Before you insist on bed rails or use them at home you should be aware of the risks and a little history. You likely think their use over decades is based on effectiveness or safety yet history shows use is based on convenience and a reaction to circumstances. Their use is similar to that of cribs for children. Like cribs they are meant to keep people from falling out of bed or leaving beds unattended. The problem is the risks out weight the benefits.
In the 19th century bed rails were used to restrain psychiatric patients then later used to protect people from getting out of bed and help staff maintain control of patient activities. Little has changed in the 21st century. In the 1930’s bed rails became a standard feature to keep patients safe in bed. Incidents increased where patients climbed over or through the bed rails resulting in serious injuries or death. A nursing shortage post war increased the number of patients needing assistance getting out of bed (usually for toileting) thus increasing incidents involving bed rails. Not much has changed since many falls happen when people need to get out of bed to use the toilet.

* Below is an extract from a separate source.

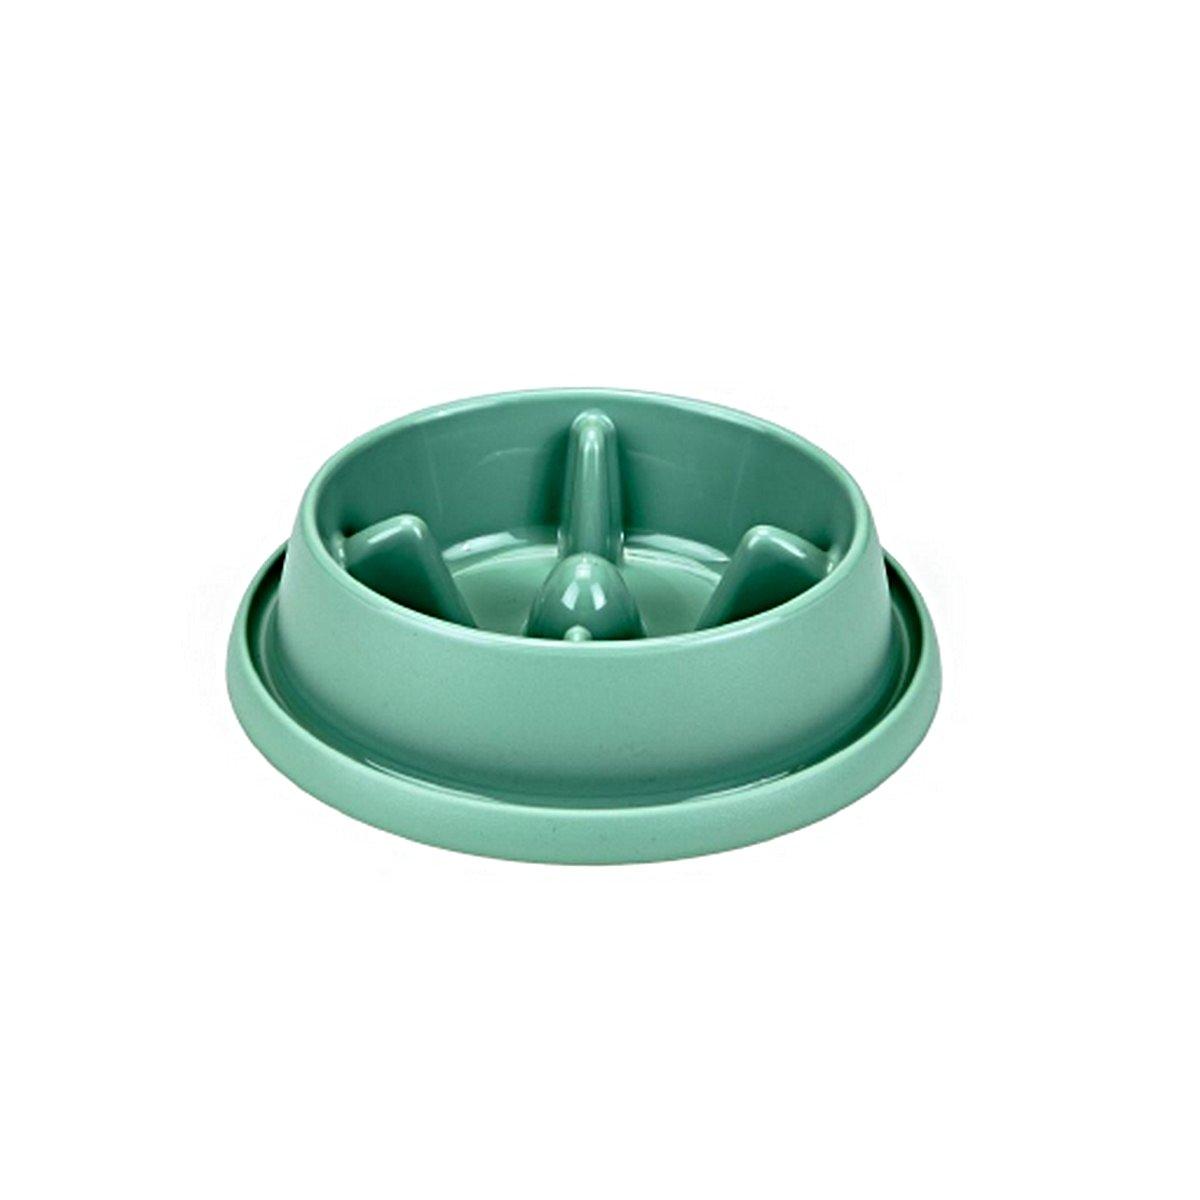 Imagem de Beeztees Anti Scoff Bowl Morien Plastic Lightgreen 0,95l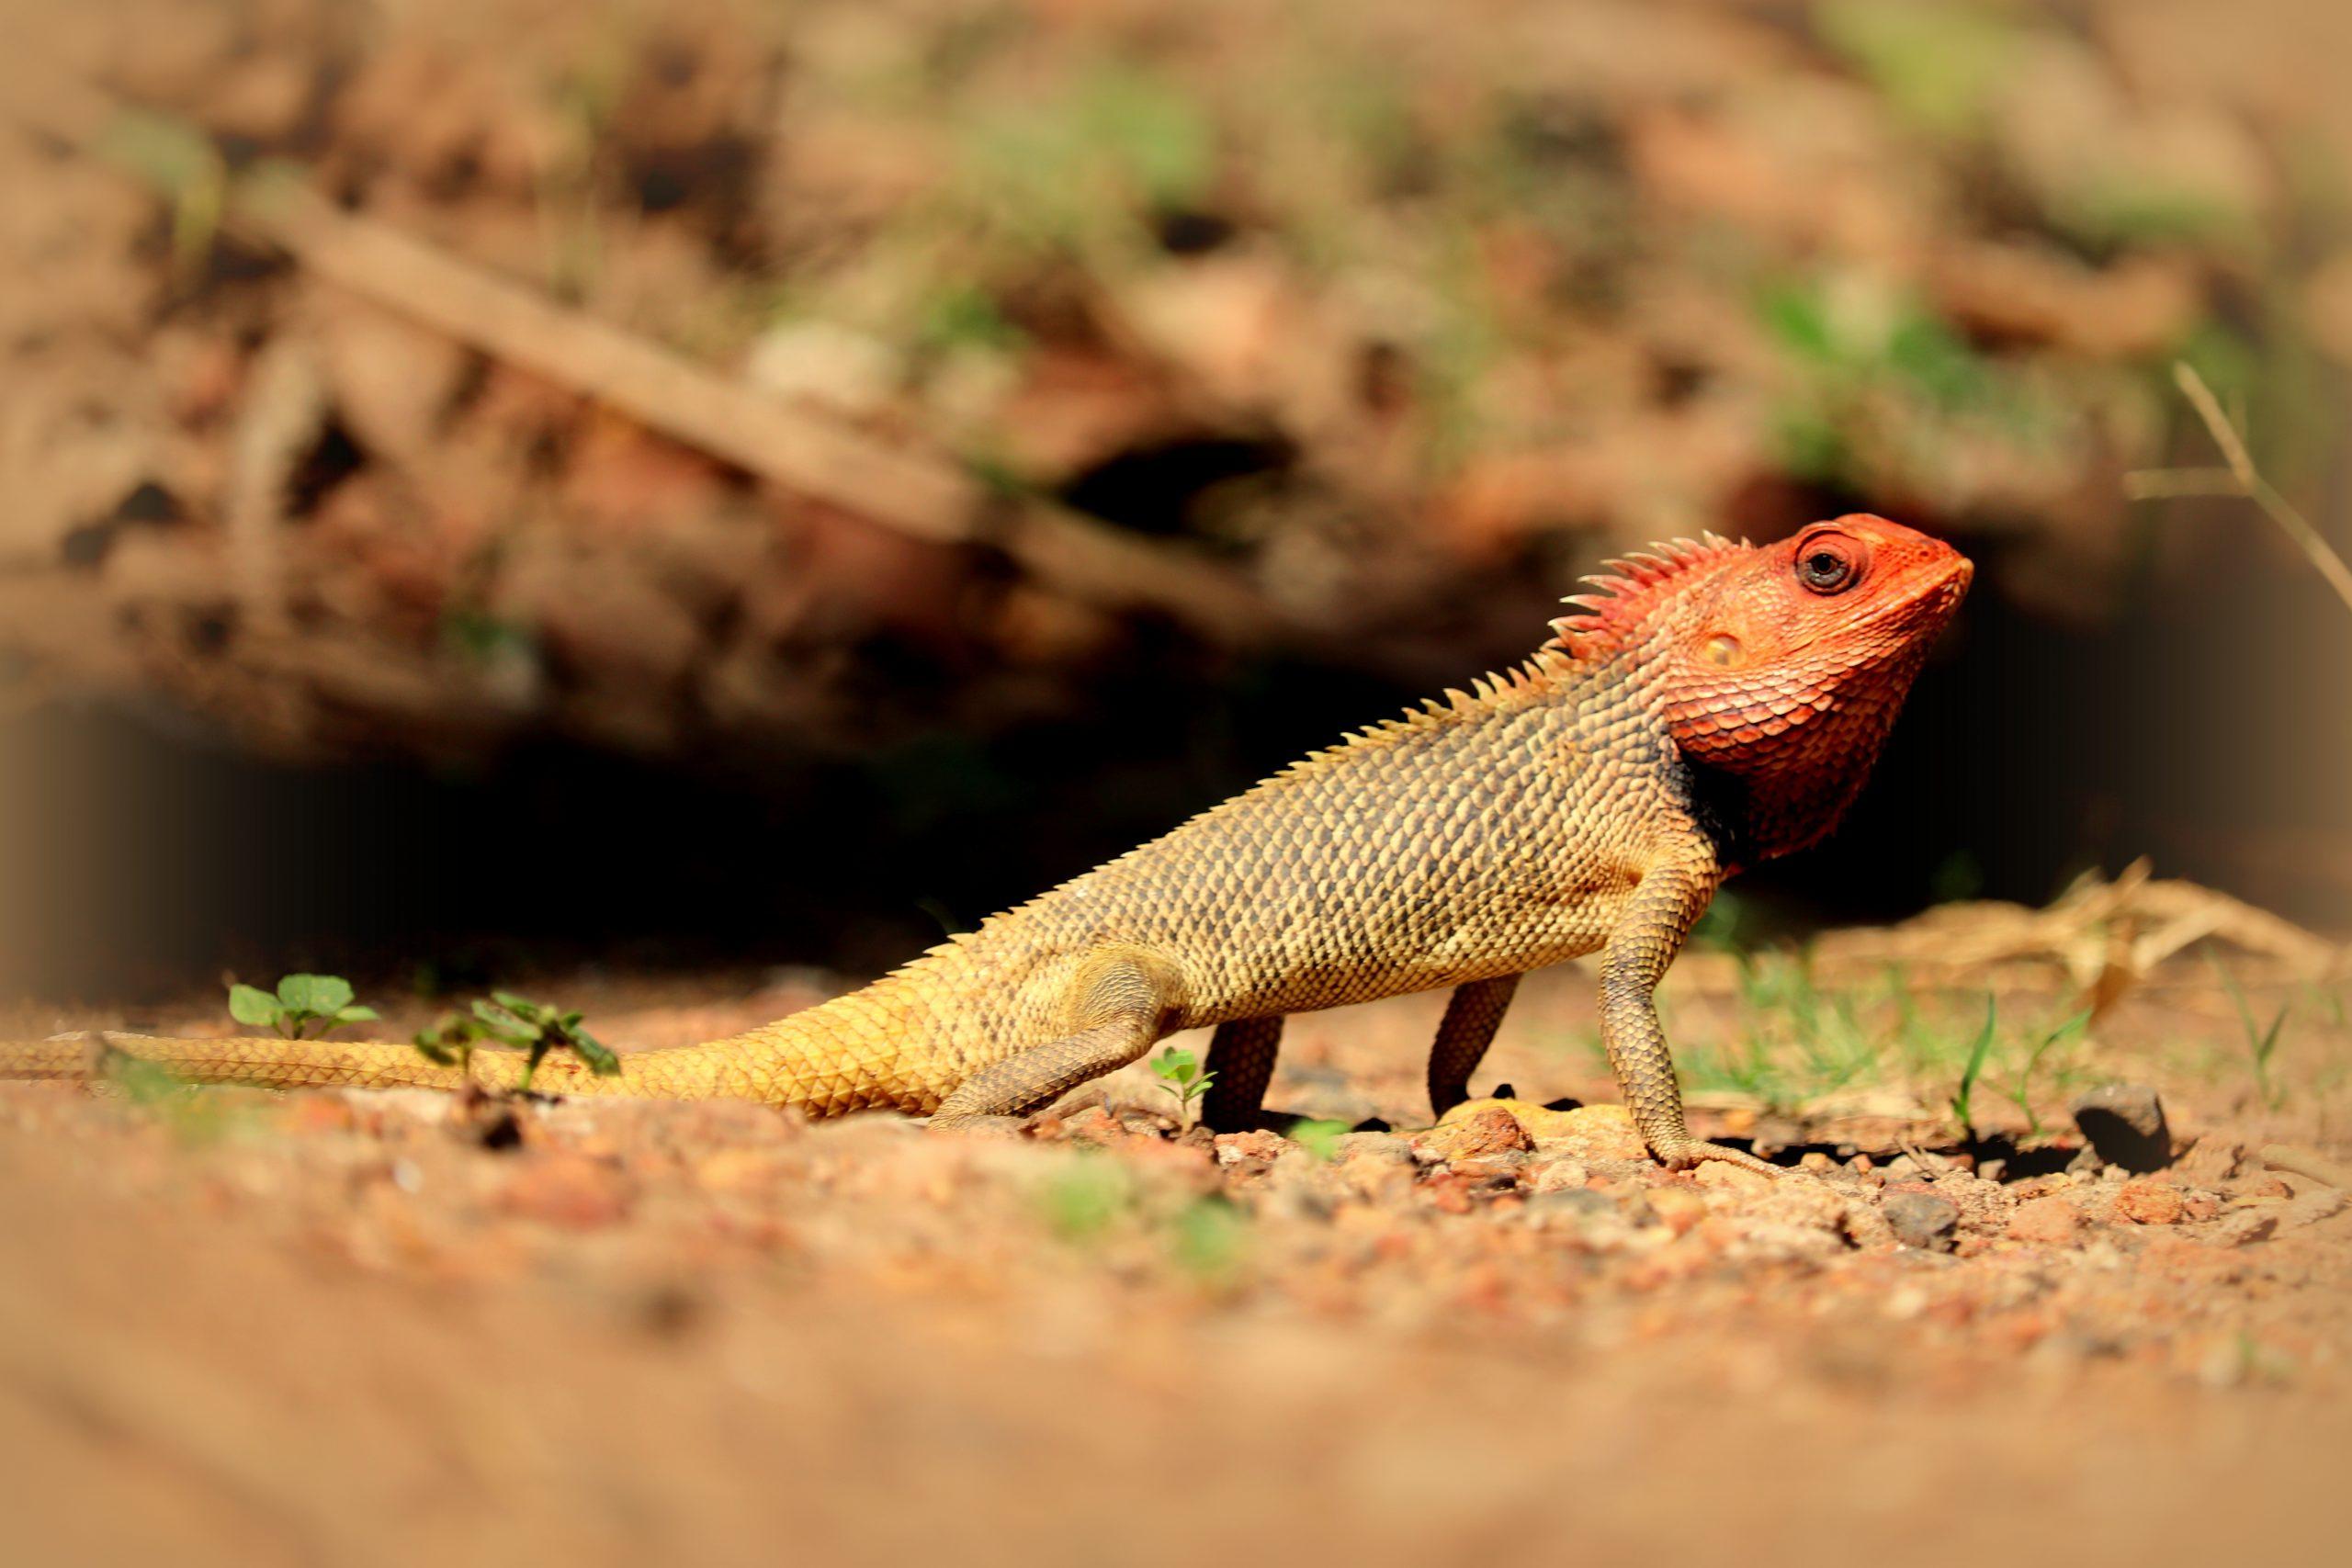 Red headed chameleon

The 1950’s led to the development of the half-rail to help patients exit the bed and reduce incidents. This helped but didn’t solve the problem. They were also used to aid in turning and positioning while lying in bed. In the 1960’s and 1970’s there was an escalating nursing shortage which prompted their continued use. This included the use of other physical restraints instead of nurse observation. Basically, the same problem we have today.
In the 1980’s falls from bed became a hospital liability issue and when the routine use of bed rails became the standard of good nursing practice. This started to conflict with mobility during recuperation although they still used full length rails on the elderly to keep them immobilized. In 1985 increasing reports to the FDA of patient incidents, accidents and entrapments sparks controversy and investigation. In 1995 the FDA issues a safety alert “Entrapment Hazards with Hospital-Bed-Rails” explaining the potential risks of bed rail use. In 1999 the FDA collaborates with the healthcare industry to form the Hospital Bed Safety Workgroup (HBSW). In 2000 Centers for Medicare and Medicaid Services (CMS) issues revisions to Surveyor Guidance governing the use of restraints in hospitals and nursing facilities due to the risks.
There are many sizes and shapes on the market based on a 19th century design with a couple of exceptions. Bed rail use needs serious thought prior to being recommended or requested in any setting. Understanding their use and history will help everyone make better choices to avoid unintended consequences.